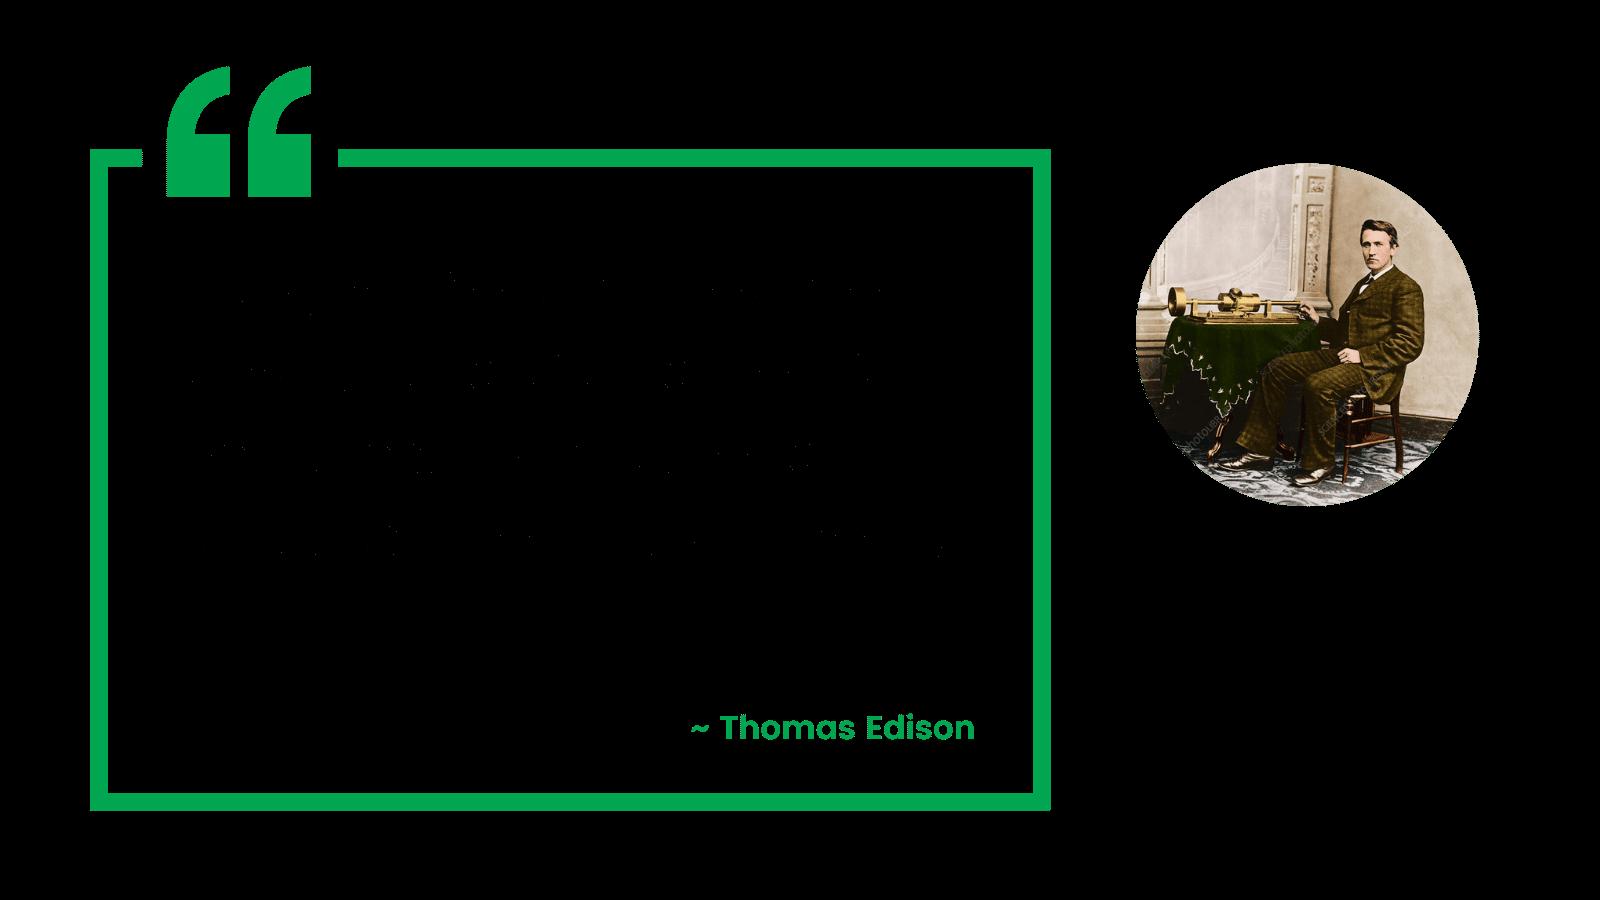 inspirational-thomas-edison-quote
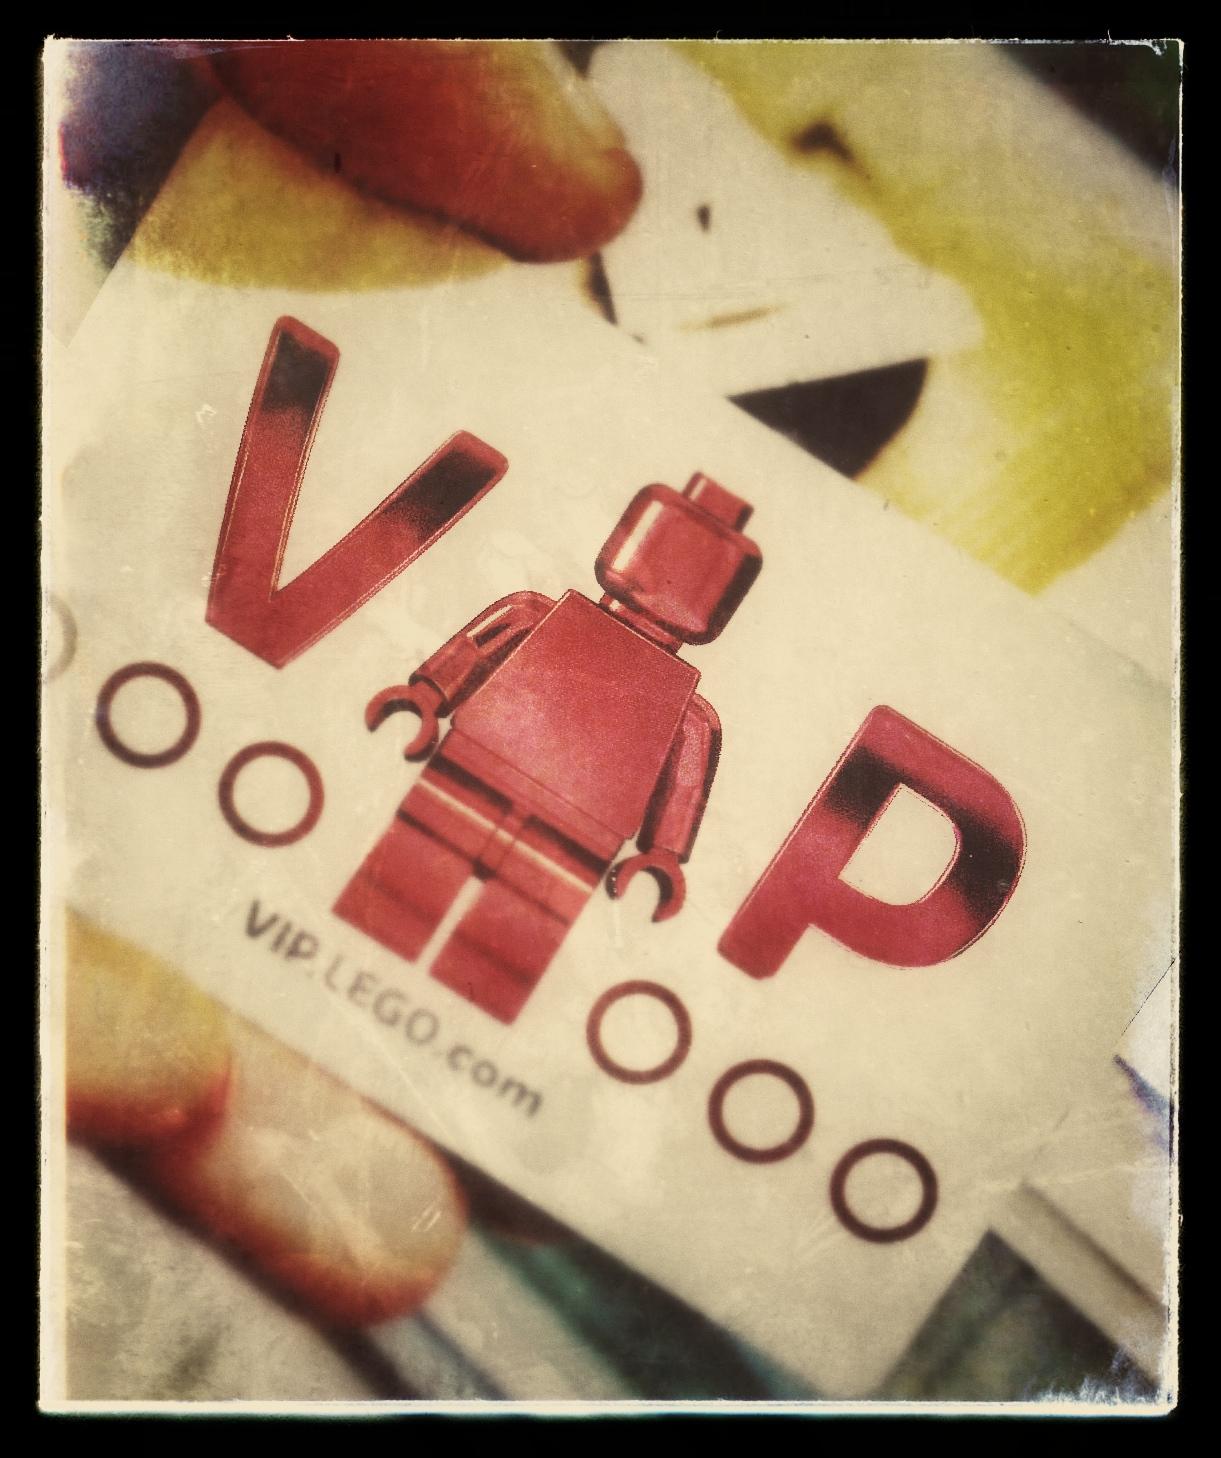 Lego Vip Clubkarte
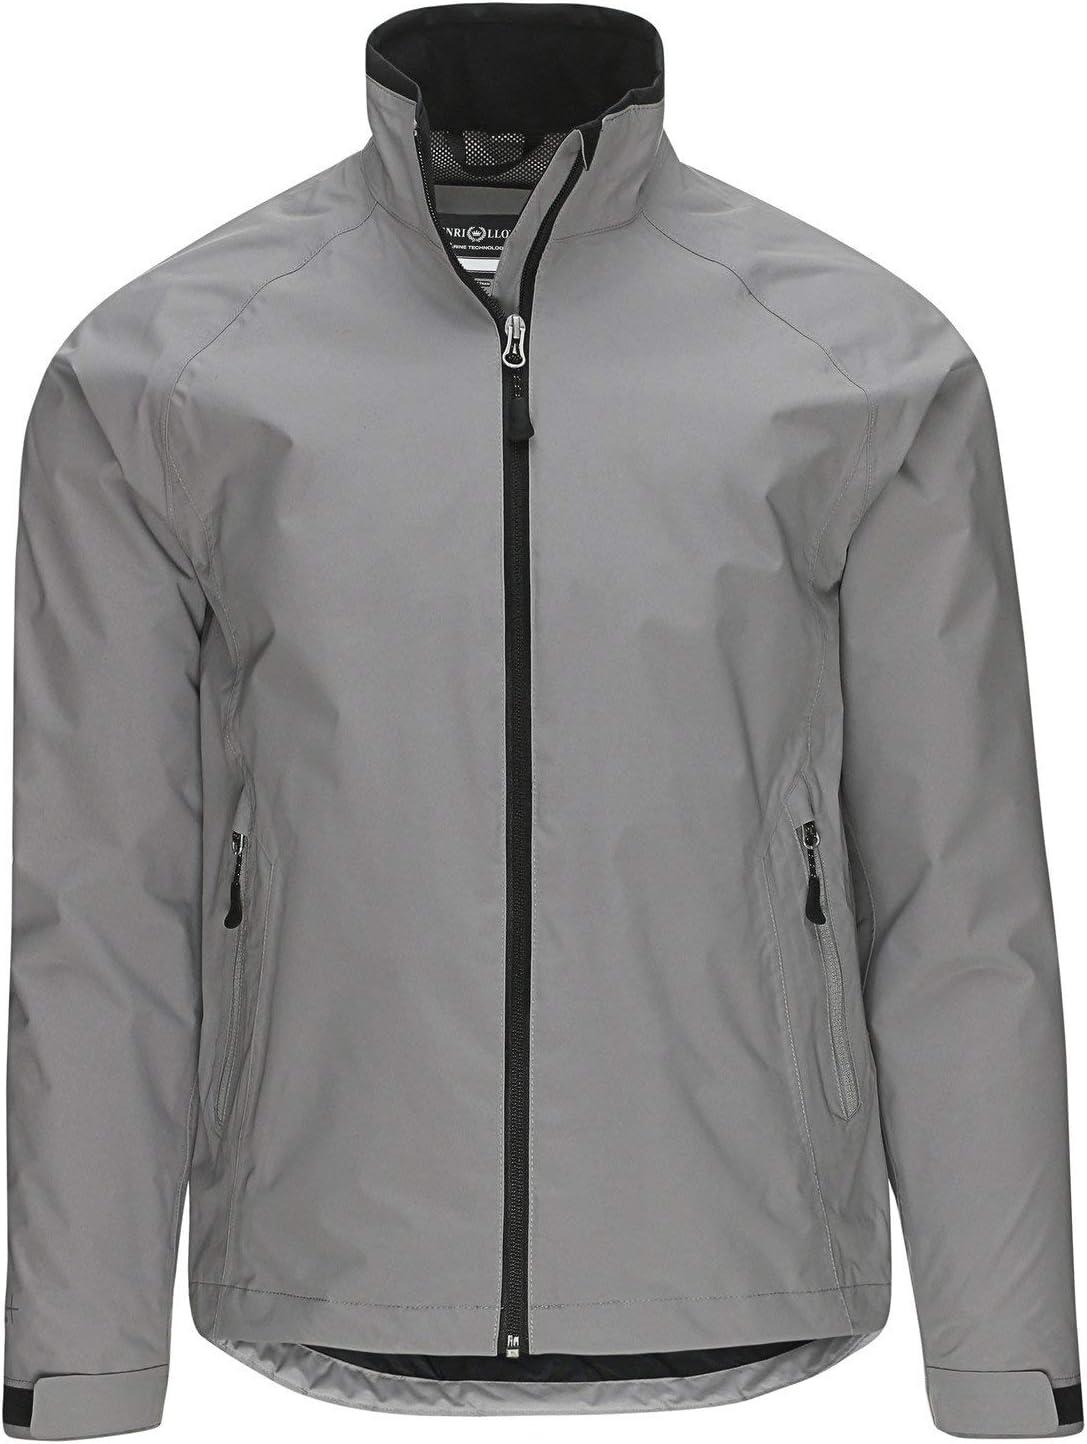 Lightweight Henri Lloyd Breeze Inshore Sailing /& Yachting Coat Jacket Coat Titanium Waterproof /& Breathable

* * * * *

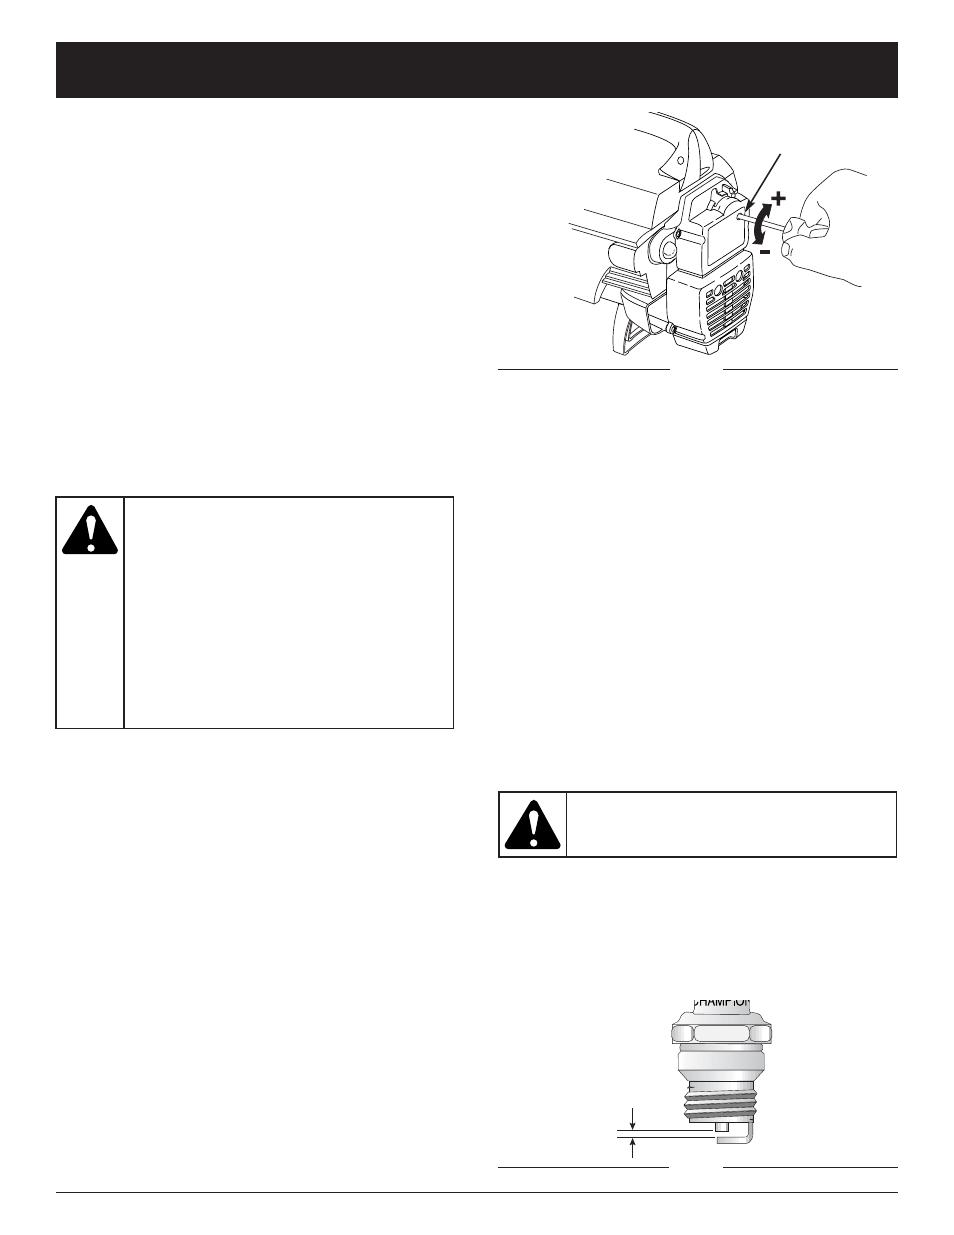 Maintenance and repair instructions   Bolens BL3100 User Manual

* * * * *

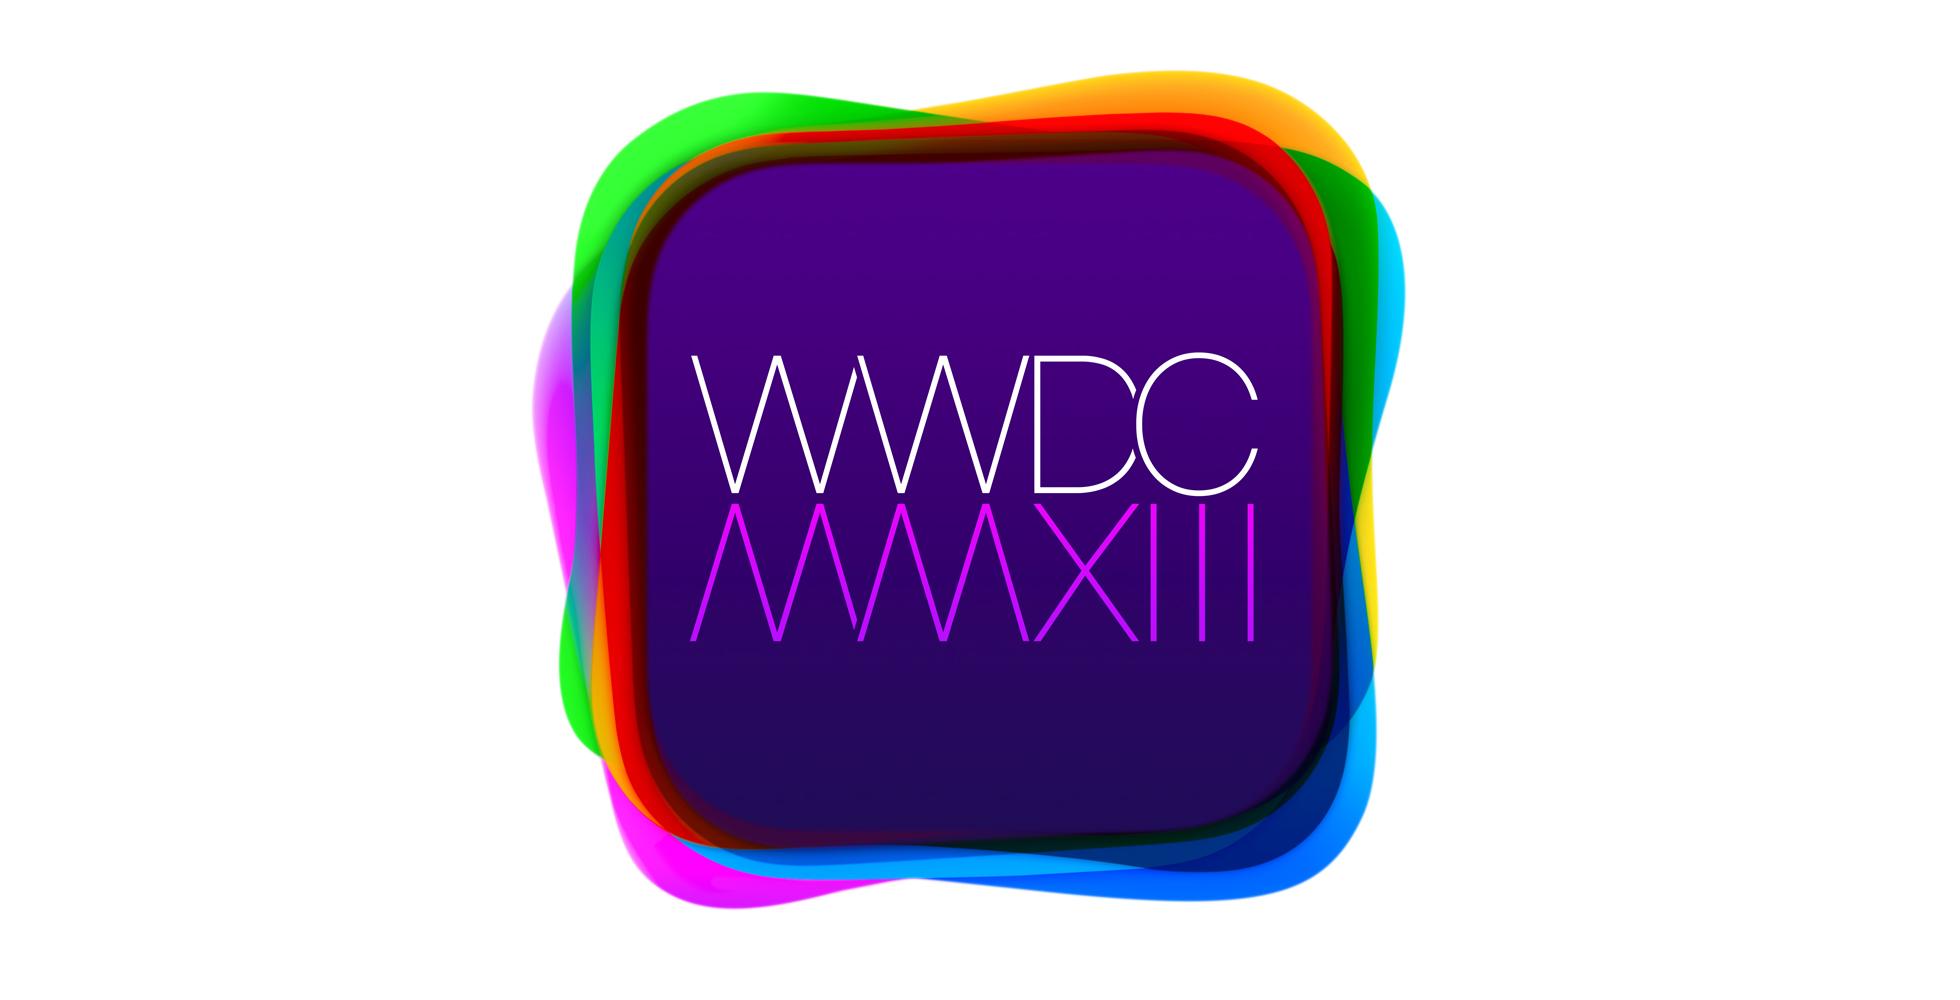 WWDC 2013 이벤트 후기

* * * * *

What you need to do: In the listing above, find the line with "Lego Vip Clubkarte" and the line with "Lightweight Henri Lloyd". Set down both and every line between them, minus the pictures.

Task answer:
 Lego Vip Clubkarte
 Lightweight Henri Lloyd Breeze Inshore Sailing /& Yachting Coat Jacket Coat Titanium Waterproof /& Breathable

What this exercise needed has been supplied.